His wife, on the other hand, I didn’t know at all, not even her name; and if I didn’t miss my guess it was his wife who’d be relevant here because that was where the Vestals came in. Early December is when the nocturnal rite of the Good Goddess is held at the senior consul’s house, with the guy’s wife playing hostess, and last night had been the night. The ceremony involves only women, and only those at the top of the social tree. Galba, along with every other male and male animal in the house, would’ve been thrown out on his ear while his wife, the Vestals and a pretty large slice of Rome’s female beautiful and good did whatever the hell they do that evening after dark and then partied until dawn with not a man in the place.
Only this year, obviously, they hadn’t. Something had gone wrong, and in the morning when the barriers came up Junia Torquata had sent Bubbling George to look for me.

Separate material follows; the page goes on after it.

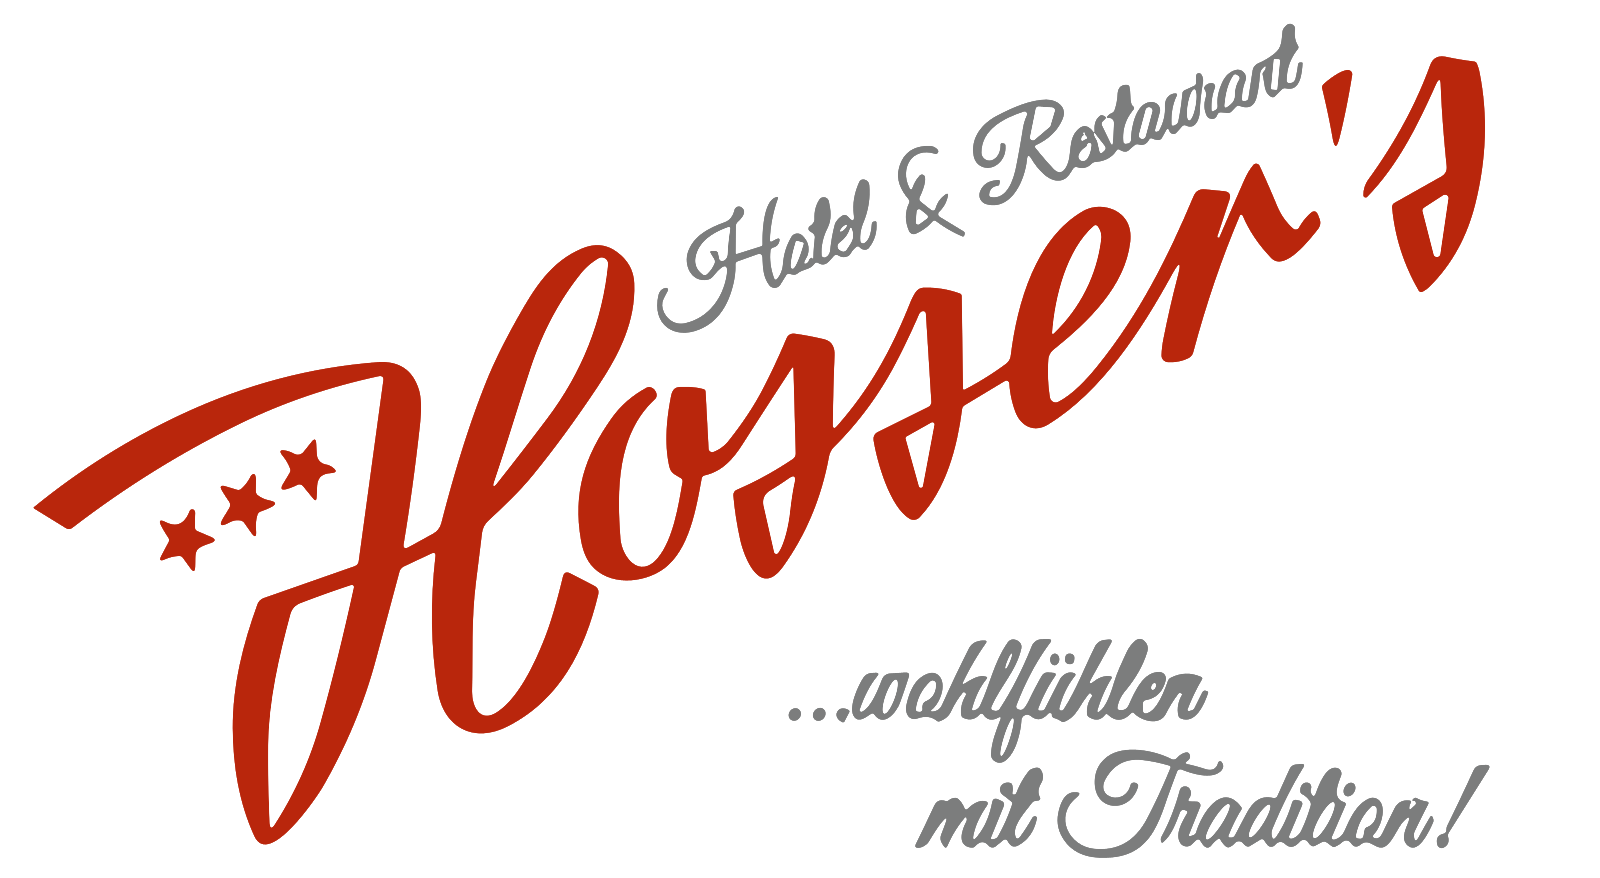 Hosser's Hotel

That last bit was what really bugged. ‘A death’, Bubbling George had said, and he’d said it very carefully, which implied that it was the word Torquata had told him to use. A death, not a murder. Murder I could’ve understood as the reason for hauling me away from my porridge, but there again Vestals don’t get murdered: they’re about as sacred as you can get in Rome, and you don’t mess with them, nohow, no way, never. Oh, sure, when they go out – and Vestals are as free to come and go as anyone – they have complimentary Axemen bodyguards, but that’s only because of who they are, not for protection. A Vestal could walk through the Subura end to end alone with a purse stuffed with gold pieces any time of the day or night, and not a mugger would touch a single hair of her six-tressed head. He wouldn’t dare. Just the thought of murdering a Vestal made my scalp crawl.
Also, Torquata wasn’t the sort of person to call a spade a digging implement. If she said a death, then that was what she’d meant.
It just didn’t make sense.
The other question, of course, was why me?
I settled back against the cushions. I had the feeling I wasn’t going to enjoy this at all.